Unlike Nilsson, Dylan doesn’t opt for a full-throttle orchestral backdrop for Shadows. Instead, he pares down the arrangements—recorded at LA’s Capitol Studios where Sinatra did most of his finest work—to a tight five man band augmented by occasional horns. Brilliantly, he exchanges Jenkins’ patented weeping violin section for Donny Herron’s pedal steel guitar. The result? The musical backdrop may be sparer but the emotional wallop is the same.
What’s surprising is Dylan’s sublime singing. Take the album’s opener “I’m A Fool To Want You.” The song is arguably the most important of Sinatra’s career. Co-written by Frank, he first sang it in March of 1951 during a tumultuous time—personally and professionally—near the end of his contract with Columbia Records and his performance reflects the pain he was going through. It’s the song that transitions the crooner he was to the supreme balladeer he became.
When Sinatra redid “Fool” for Jenkins on Where Are You for Capitol Records in May of 1957, he consciously refined his interpretation. Where on the Columbia version Sinatra sounds on the verge of a nervous breakdown, the Capitol version is that of a man who is tremulously resigned to his heartbreaking fate.
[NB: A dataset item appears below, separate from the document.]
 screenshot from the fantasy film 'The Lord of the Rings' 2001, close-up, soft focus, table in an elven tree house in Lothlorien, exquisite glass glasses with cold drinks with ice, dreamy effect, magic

Dylan deepens that approach. Any worries of Dylan tossing these songs off as he did the holiday tunes on 2009’s self-parodying Christmas In The Heart are immediately dispelled by his “I’m A Fool To Want You.” Demonstrating an uncommon respect for the lyrics, his enunciation is perfectly clear. And his acting chops have rarely been better. With Herron’s twangy pedal steel conjuring up memories of a past romance, Dylan sounds like an old man still haunted by a paramour. He even throws in a Sinatraism by bending the notes on the line “I said I’d leave you.” (Has Dylan ever sung the words “I love you” with more conviction then he does here?)
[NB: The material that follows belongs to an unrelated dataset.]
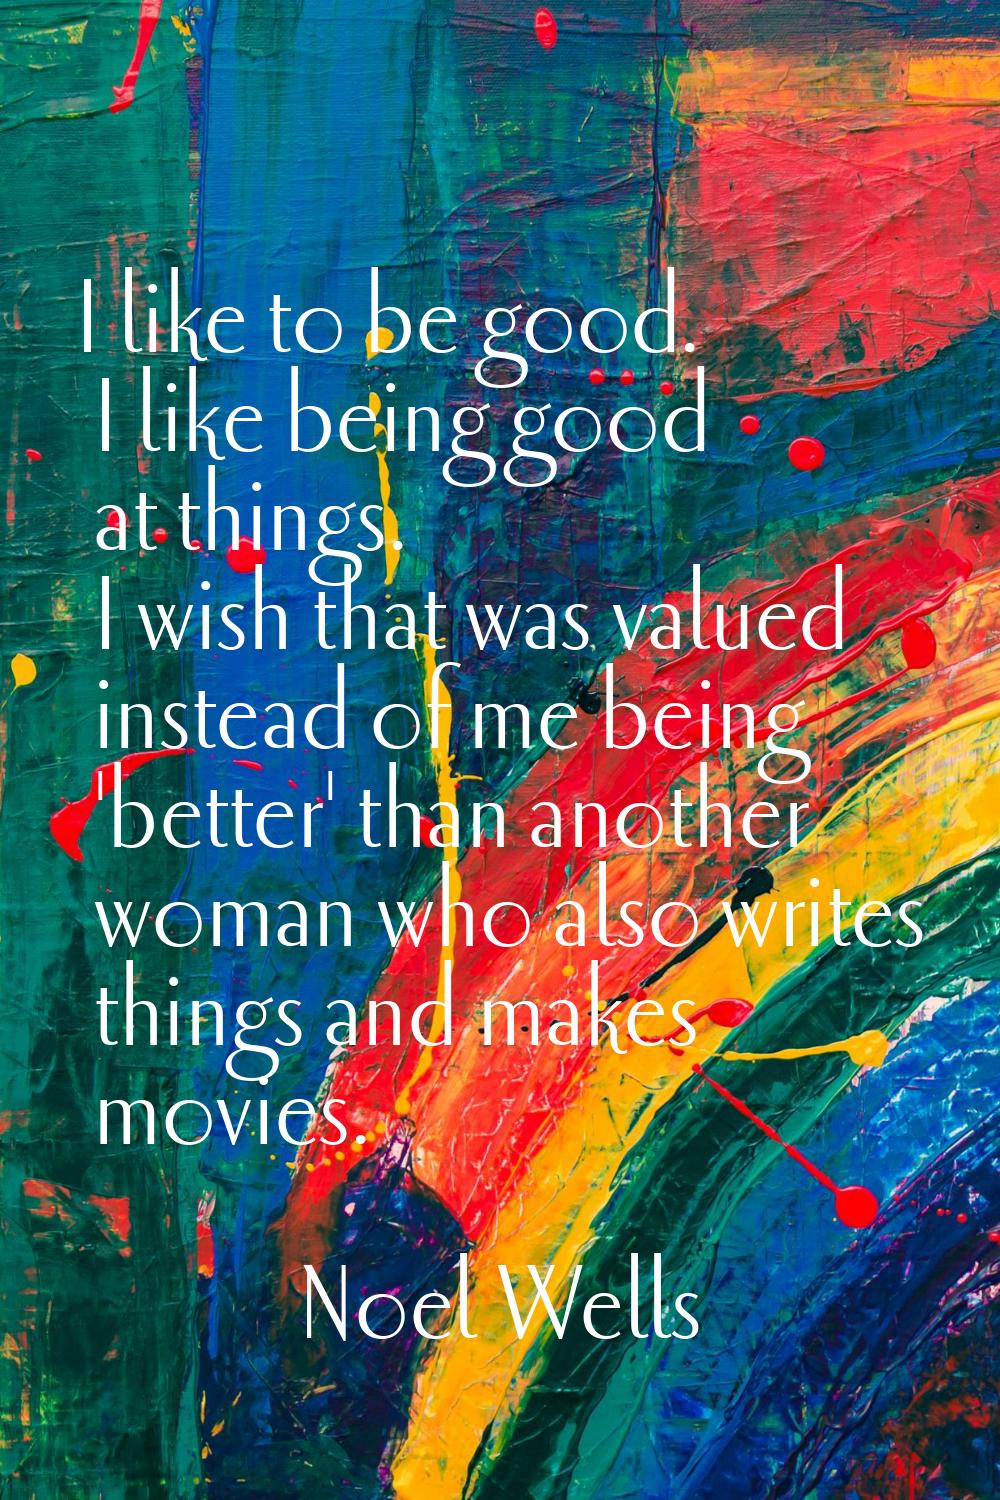 I like to be good. I like being good at things. I wish that was valued instead of me being 'better'

Sinatra recorded “The Night We Called It A Day” three times. Once for RCA Records in 1942 during his Tommy Dorsey days, once for Columbia in 1947—both arranged by Axel Stordahl—and a decade later with Jenkins for the LP Where Are You. A rangy torch song, Dylan’s soft croon humanizes such melodramatic lines like “the hoot of an owl in the sky.” He is more full-throated on his covers of the questioning “Where Are You” and “What’ll I Do”—both Jenkins’ charts, the latter from the All Alone album—but no less effective.
“Stay With Me” is a gem. Sinatra recorded it with a spare Ernie Freeman arrangement in December of 1963. He was doing a favor for Otto Preminger who used it on the soundtrack of his then controversial feature about the Catholic Church, The Cardinal. It’s the sort of forgotten tune one might expect expert musicologist Dylan to unearth for his superb satellite radio show but not to sing himself. Yet you can hear him do a couple of exemplary live renditions of it on YouTube. On this recorded version Dylan zooms in on a subtle Sinatra singing strength: while no one communicated heartbreak quite like Frank, no one pleaded as well as he did either. Dylan does come close on “Stay.” And his yearning reading of the line “I grow cold” is chilling.
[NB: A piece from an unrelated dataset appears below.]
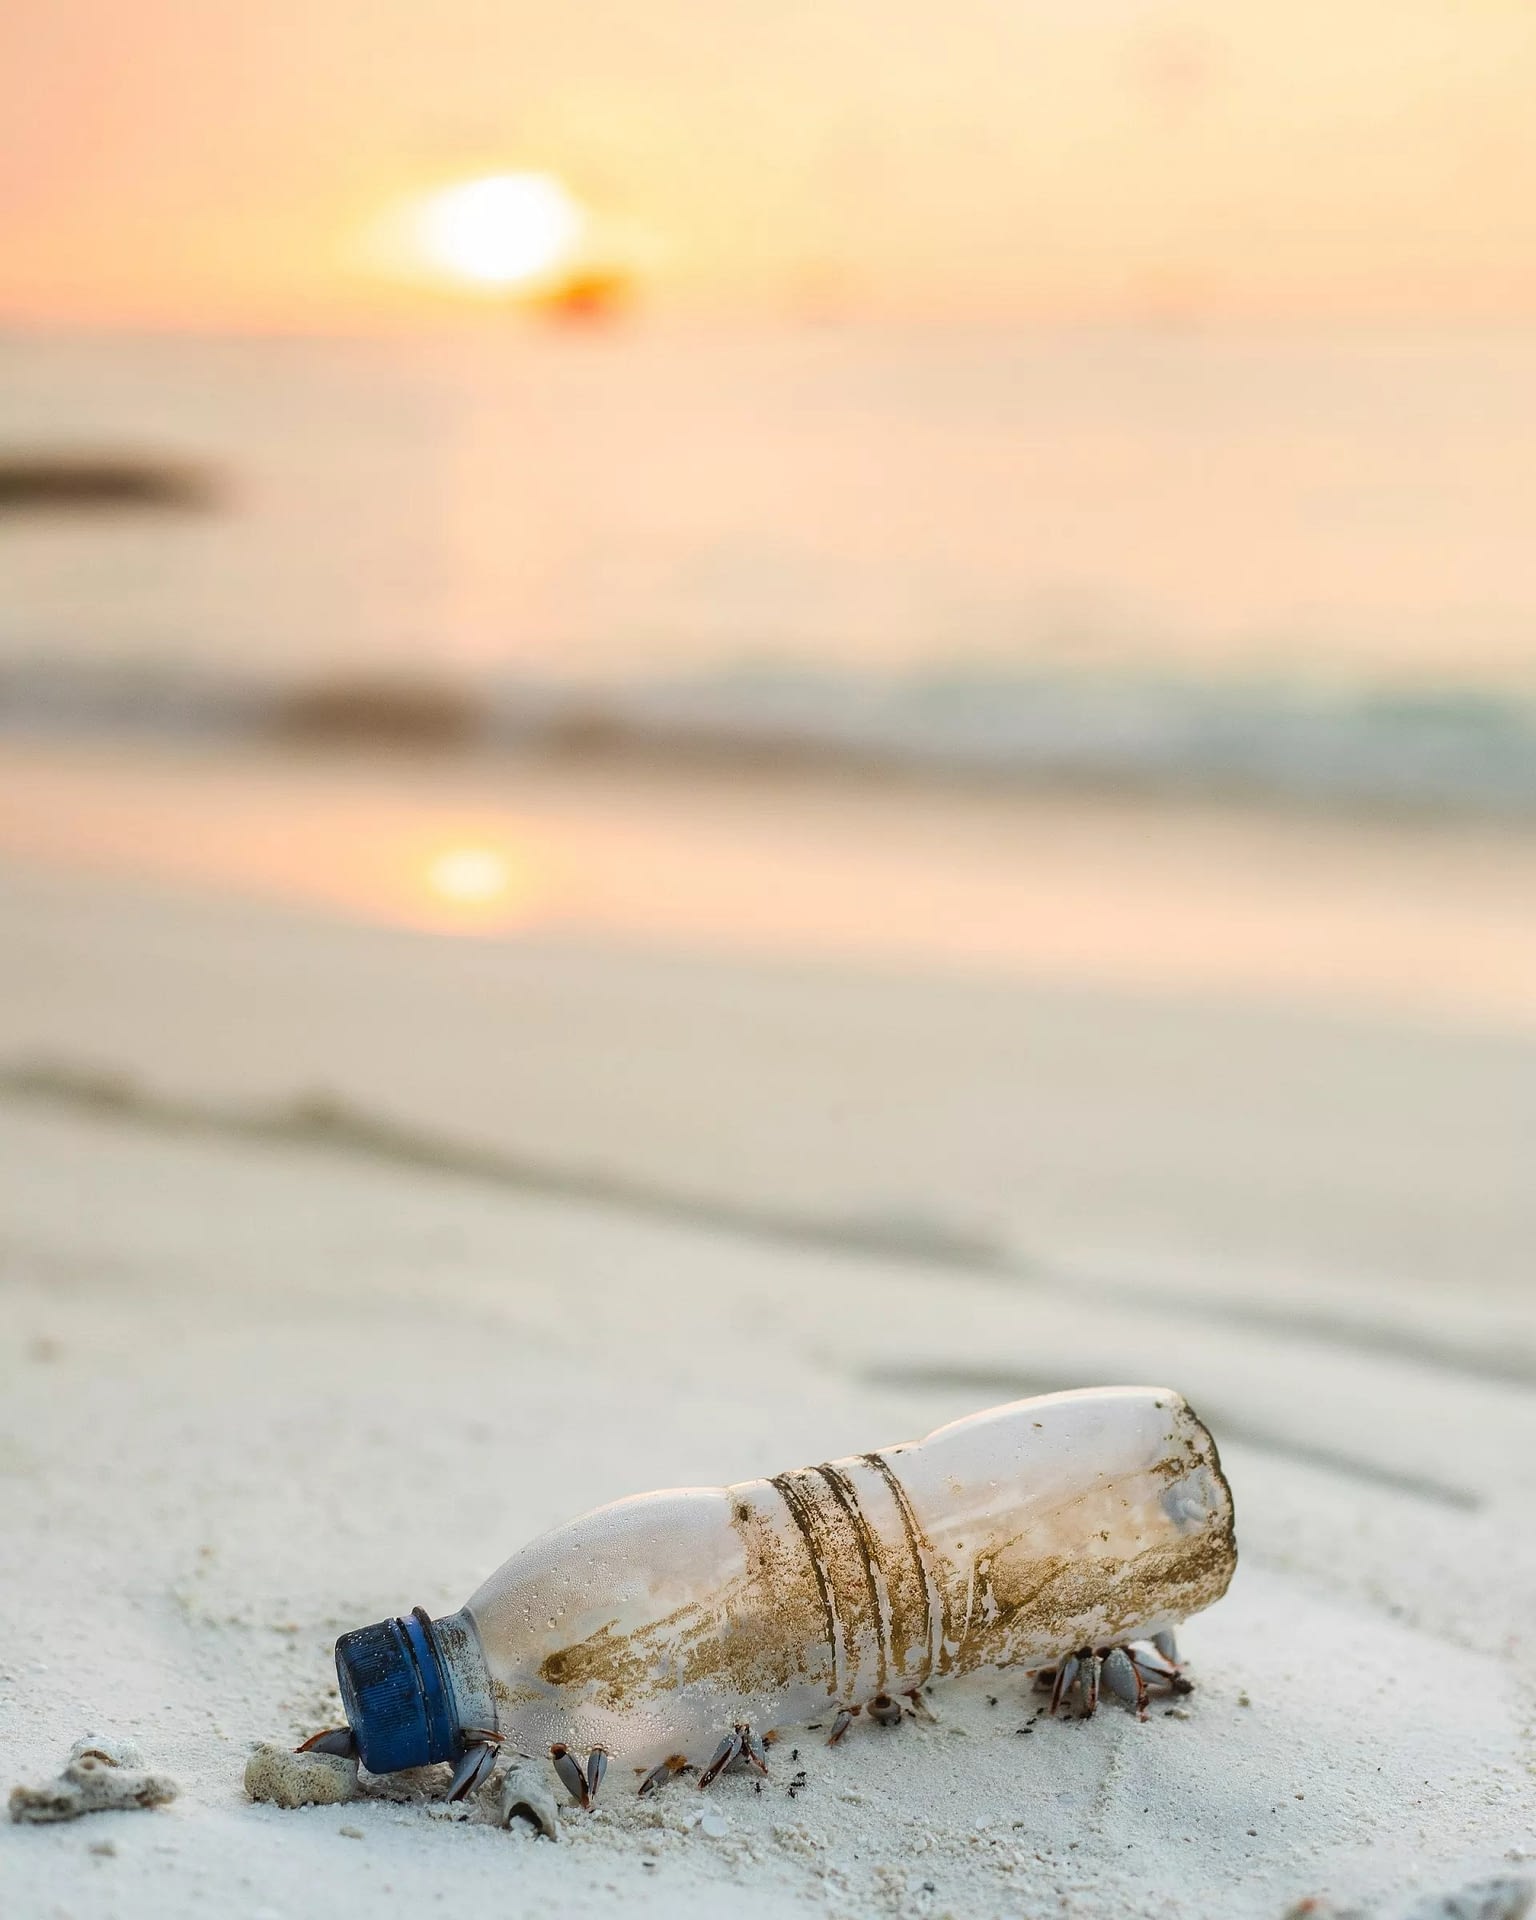 Where do we see plastics and its alternatives

“Autumn Leaves” is a chestnut that tends to bring out the bombast in arrangers. Sinatra and Jenkins certainly didn’t shy away from a grand orchestral concept on Where Are You. Dylan, though, takes it in another, gentler direction with an acoustic guitar curlicue anchoring his one chorus and out rendition. He wisely takes the same understated approach with “Some Enchanted Evening” and “Full Moon And Empty Arms.”
“Why Try To Change Me Now” is another key Sinatra song. It was first recorded in September of 1952 at his final recording session for Columbia. Unhappy with the banal pop the company’s top producer Mitch Miller was trying to force upon him, Sinatra sang “Why” with a plaintive throb in his throat. Seven years later, he revisited the song with Jenkins on the album No One Cares. This version is even more emotional with Sinatra singing in a quivering upper register.
Dylan instantly connects with the wanderlust in the lyric. “I’m sentimental/So I walk in the rain/I’ve got some habits/Even I can’t explain/Could start for the corner/Turn up in Spain/Why try to change me now.” Like Sinatra, a fellow iconoclast full of “daydreams galore,” Dylan’s defiant as he’s asked why he can’t be more conventional. “People talk/People stare/So I try/But that’s not for me/Cause I can’t see/My kind of crazy world go passing me by.” But his lover remains unconvinced and Dylan superbly captures the pathos as he pleads: “Don’t you remember/I was always your clown.” As he repeats the song’s title, his voice finally breaks in defeat on “now.” It is a superb performance easily the equal of both of Sinatra’s.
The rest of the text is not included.